S1 Permutations Question

Sorry you've not had any responses about this.

I haven't cracked this one. Will keep trying, but am looking forward to see how it's done.

Me too, its bugging me will keep trying.

Hi. I think I've come up with a solution...

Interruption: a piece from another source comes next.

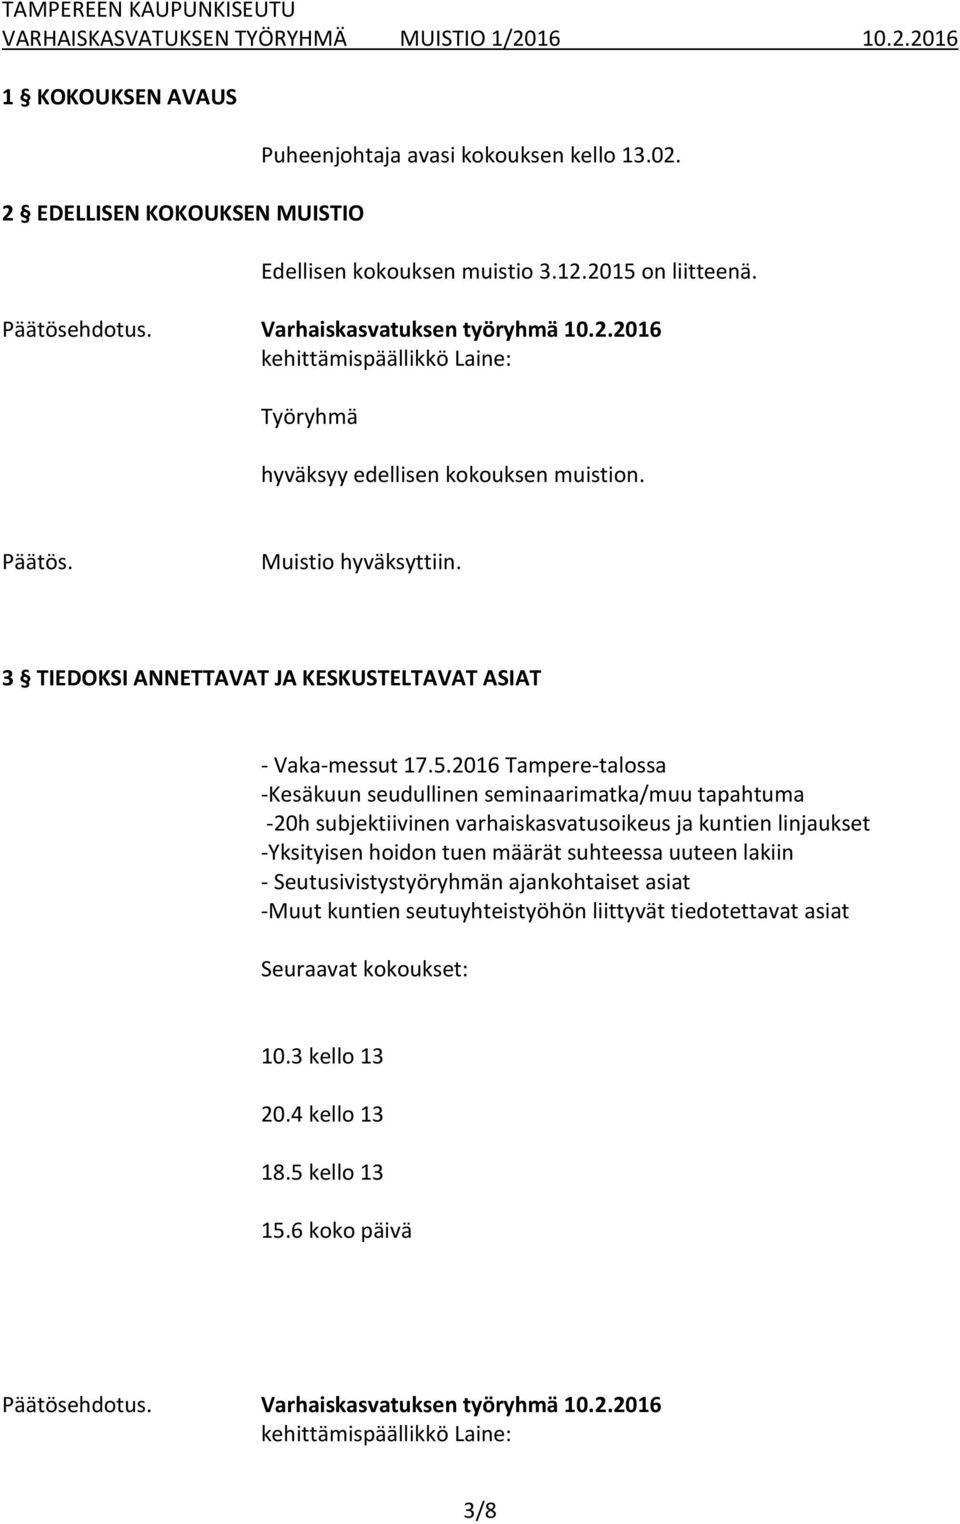 2016 Tampere-talossa -Kesäkuun seudullinen seminaarimatka/muu tapahtuma -20h subjektiivinen varhaiskasvatusoikeus ja kuntien linjaukset -Yksityisen hoidon tuen
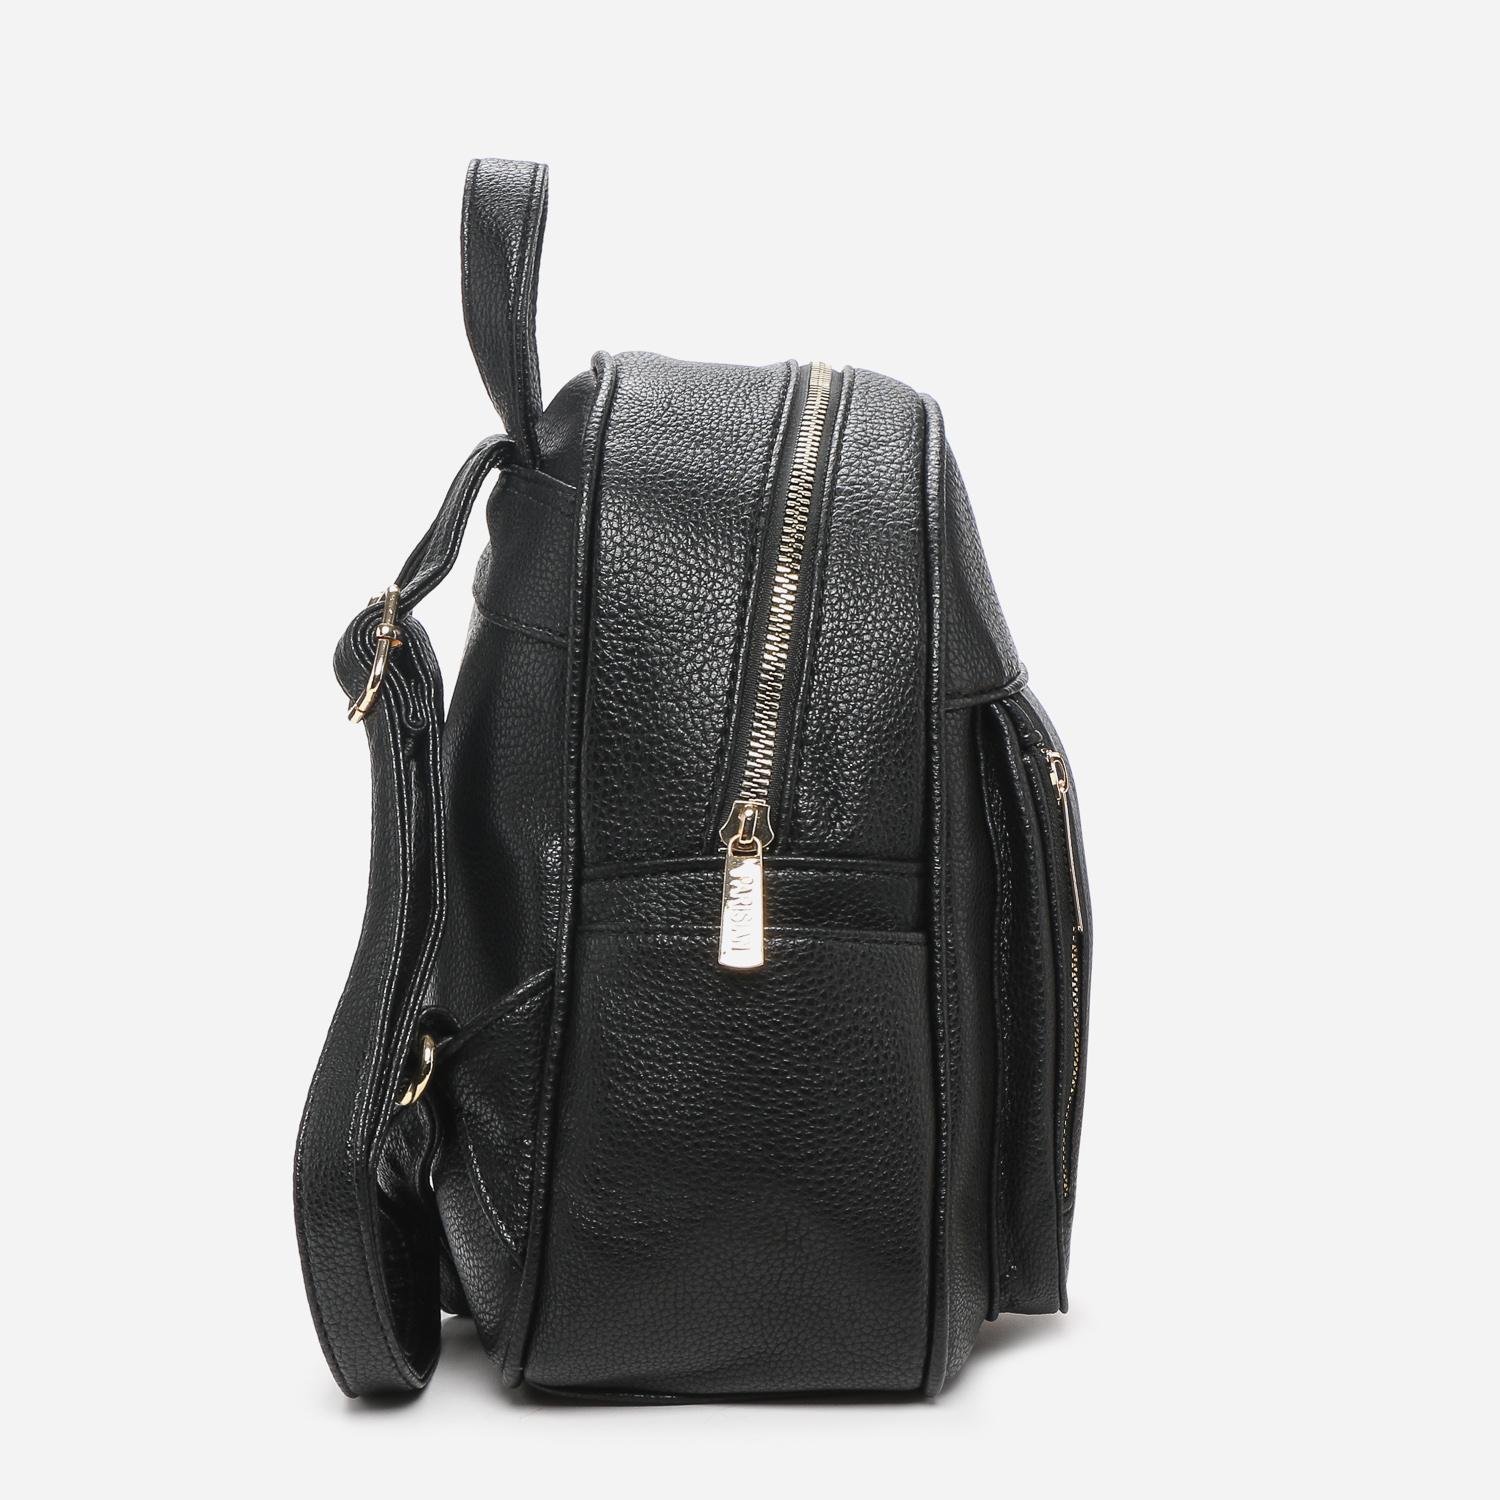 Parisian Ladies' Wilderness Mini Backpack in Black

The vowels have to be at least one character apart, so the first few positions are
1st, 3rd, 5th, 7th, 9th
1st, 3rd, 5th, 7th, 10th
1st, 3rd, 5th, 7th, 11th
1st, 3rd, 5th, 7th, 12th
1st, 3rd, 5th, 7th, 13th
1st, 3rd, 5th, 7th, 14th
2nd, 4th, 6th, 8th, 10th
2nd, 4th, 6th, 8th, 11th
etc
up to
1st, 8th, 10th, 12th, 14th
2nd, 8th, 10th, 12th, 14th
3rd, 8th, 10th, 12th, 14th
4th, 8th, 10th, 12th, 14th
5th, 8th, 10th, 12th, 14th
6th, 8th, 10th, 12th, 14th
The total number of combinations is 10C5, i.e. 252 (10 positions of which 5 are chosen, order not important)

For each position, there are 5! arrangements of the 5 vowels, but O is repeated twice, so there are 5!/2! arrangements, i.e. 60. So now we have a total number of arrangements of
10C5 x (5!/2!), 252 x 60 to give 15120 arrangements of the vowels.

Now to the consonants. There are 9 of them, so 9! arrangements. However N appears three times and T appears twice, so there are 9!/(3! x 2!) arrangements, i.e. 30240.

Putting the vowels and consonants together gives a total number of arrangements of
252 x 60 x 30240 = 457228800.

There may be an alternative/better way of doing it so I'm open to suggestions!